Saving Artifacts

Crystallize steps can produce files like trained models or plots. Use ArtifactPlugin to automatically save these artifacts to a structured directory.

1. Enable the Plugin

from crystallize import Experiment, Pipeline, Artifact
from crystallize.pipelines.pipeline_step import PipelineStep
from crystallize.plugins.plugins import ArtifactPlugin


class ModelStep(PipelineStep):
    def __init__(self, out: Artifact):
        self.out = out

    def __call__(self, data, ctx):
        self.out.write(b"binary data")
        return data

    @property
    def params(self):
        return {}

out = Artifact("model.bin")
exp = Experiment(
    datasource=my_source(),
    pipeline=Pipeline([ModelStep(out)]),
    plugins=[ArtifactPlugin(root_dir="artifacts", versioned=True)],
    outputs=[out],
)
exp.validate()  # optional
exp.run()

Loader callables must be pickleable when using process-based execution. Crystallize automatically wraps lambda functions so they can be used as artifact loaders.

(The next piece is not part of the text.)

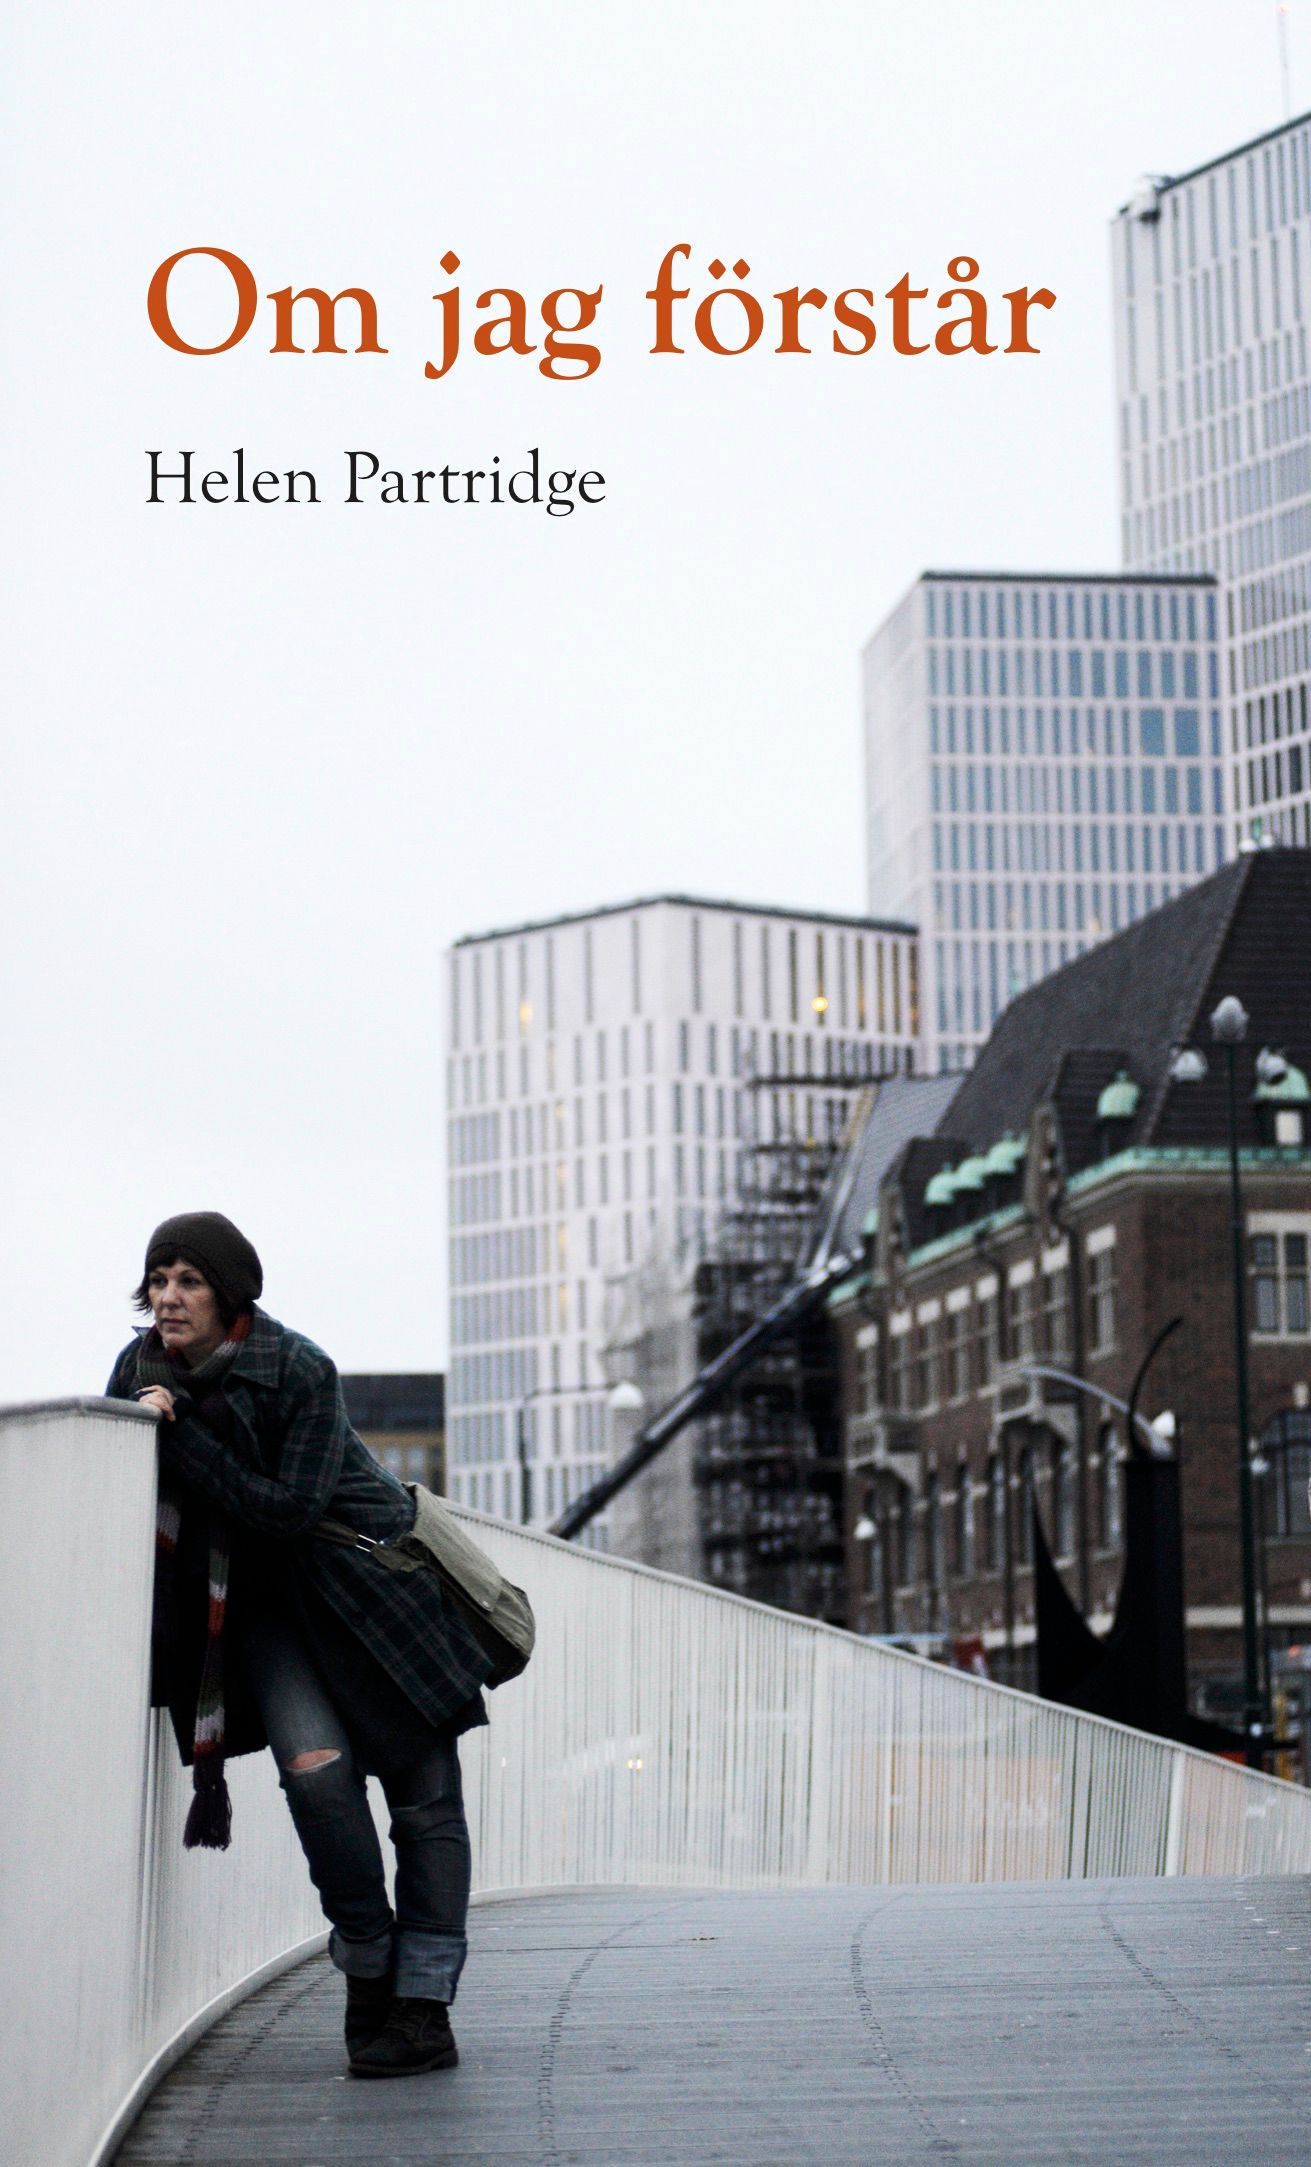 Om jag förstår, eBook by Helen Partridge

Artifacts are stored under: <root>/<experiment_name_or_id>/v<run>/<replicate>/<condition>/<step>/<name>.

Chaining via Importable Datasources

After an experiment runs with ArtifactPlugin, you can import the experiment in another file and load its artifacts automatically. The datasource provides a Path object for each replicate, letting you choose how to load the contents:

exp1.run(replicates=2)

from pathlib import Path

# experiment2.py
from experiment1 import exp1

from crystallize import Experiment, pipeline_step
from crystallize.pipelines.pipeline import Pipeline


@pipeline_step()
def load_json(data, ctx):
    import json
    return json.loads(data.read_text())

exp2 = Experiment(
    datasource=exp1.artifact_datasource(step="ModelStep", name="data.json"),
    pipeline=Pipeline([load_json()]),
)
exp2.validate()
exp2.run()  # replicates set from metadata

artifact_datasource() reads <root>/<id>/v<version>/metadata.json to set the replicate count and will raise an error if you provide a different count when running the new experiment. It works even if exp1 hasn’t been executed in this file—the experiment name or pipeline signature locates the correct directory.

Loading CSV with Pandas

Because the datasource only yields file paths, you can load data in any format.

@pipeline_step()
def load_csv(data, ctx):
    import pandas as pd
    return pd.read_csv(data)

exp_csv = Experiment(
    datasource=exp1.artifact_datasource(step="ModelStep", name="data.csv"),
    pipeline=Pipeline([load_csv()]),
)

Set require_metadata=True when you want to ensure metadata exists and raise an error if the previous run lacked ArtifactPlugin.

Resuming Experiments

Artifacts also enable resuming long experiments. Pass strategy="resume" to Experiment.run() or ExperimentGraph.run() and Crystallize will skip any conditions that already wrote a completion marker. Metrics from the previous run are loaded so the results dictionary is fully populated. Downstream experiments are rerun only when their required outputs are missing.